Like I have said many times in the short time I have been here. Decisions come with consequences. No matter what decision you end up making. Whether your decision is not to get the vaccine your consequence could end up just like this man or whether you get the vaccine you could down the road be dealing with side effects that are somewhat unknown of the vaccine at this point. It is a tough decision, but it comes down to the individual and the way they weigh things out.


----------



## Bellbird (Jan 30, 2022)

It also depends on whether you don't want to run the big risk of infecting others with the virus if you yourself caught it and were not vaccinated.


----------



## Mike (Jan 30, 2022)

It was his decision, but it is still sad, the offer is there
to prolong life, yet still some refuse to do so, for there
own reasons.

R.I.P.

Mike.


----------



## Rah-Rah (Jan 30, 2022)

Mike said:


> It was his decision, but it is still sad, the offer is there
> to prolong life, yet still some refuse to do so, for there
> own reasons.
> 
> ...


Oh for sure it is sad. It is sad when anyone losses their life.


----------



## CarolfromTX (Jan 30, 2022)

A little schadenfreude going on here perhaps? Coupled with some finger wagging (you’d better get vaccinated, you naughty people” ) it really isn’t a good look.
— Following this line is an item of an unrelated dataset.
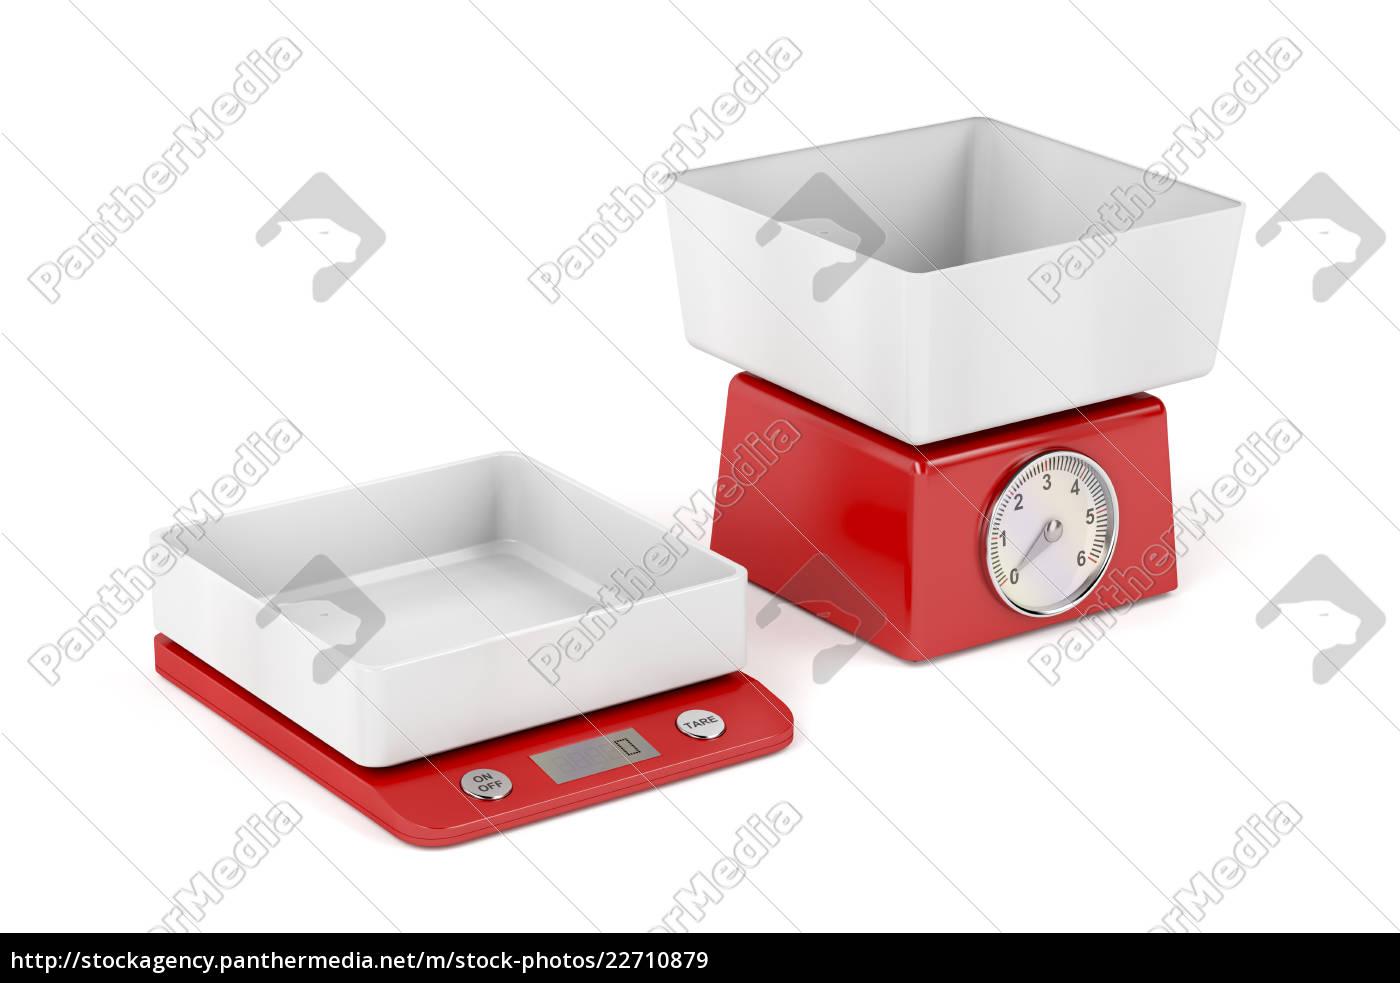 kitchen, weight, scales - 22710879
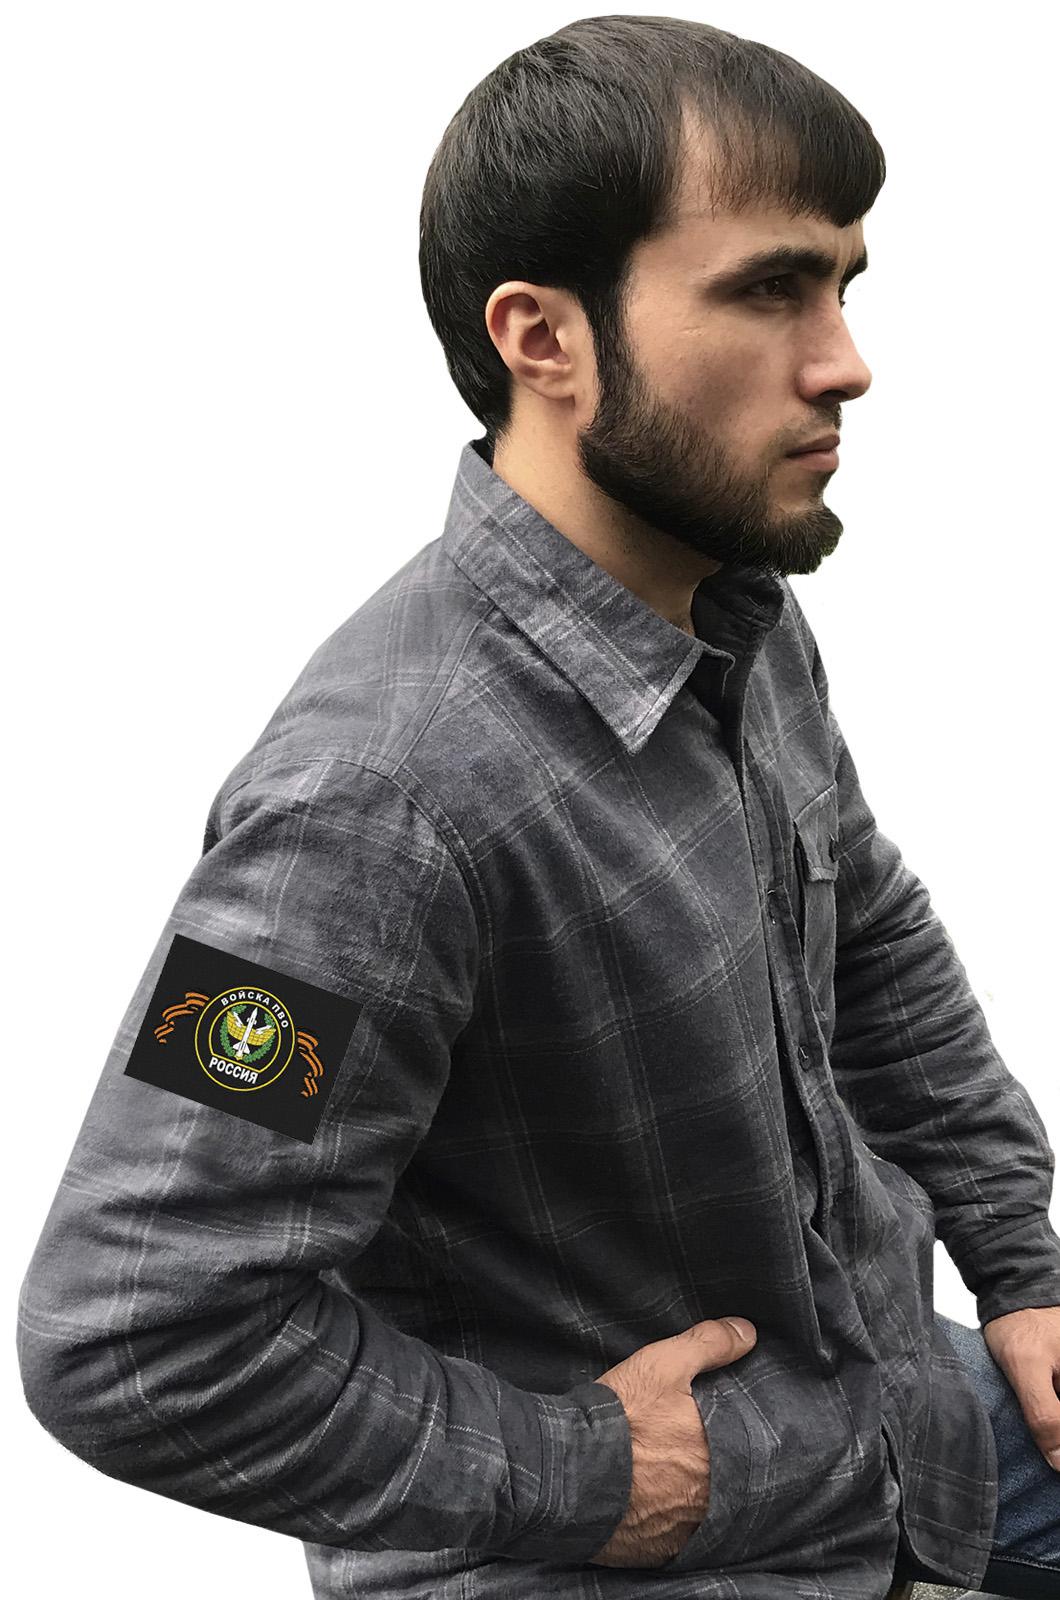 Практичная серая рубашка с вышитым шевроном ПВО - купить с доставкой

Stop it.


----------



## Irwin (Jan 30, 2022)

Some people don't seem to place much value on their own lives. I don't understand that mentality.


----------



## Don M. (Jan 30, 2022)

If this virus lingers for several more years....which is quite possible....the number of those refusing the vaccines will decline substantially, as they die.  
One of our Granddaughters is a nurse at a nearby hospital.  Outside of a few elderly, who already had major health issues, the vast majority of patients who had a severe case of Covid and/or died, were unvaccinated.


----------



## Della (Jan 30, 2022)

It's so sad.  I've always admired people who are willing to sacrifice for their convictions,-- in this case he sacrificed his job and ultimately his life -- but I have to wonder why.  Why this particular issue?  My husband was in the military for 22 years, the troops had to have all kinds of vaccinations and even more down the road tailored to which country they were being deployed to, I never heard a single complaint.


----------



## Sunny (Jan 30, 2022)

CarolfromTX said:


> A little schadenfreude going on here perhaps? Coupled with some finger wagging (you’d better get vaccinated, you naughty people” ) it really isn’t a good look. Stop it.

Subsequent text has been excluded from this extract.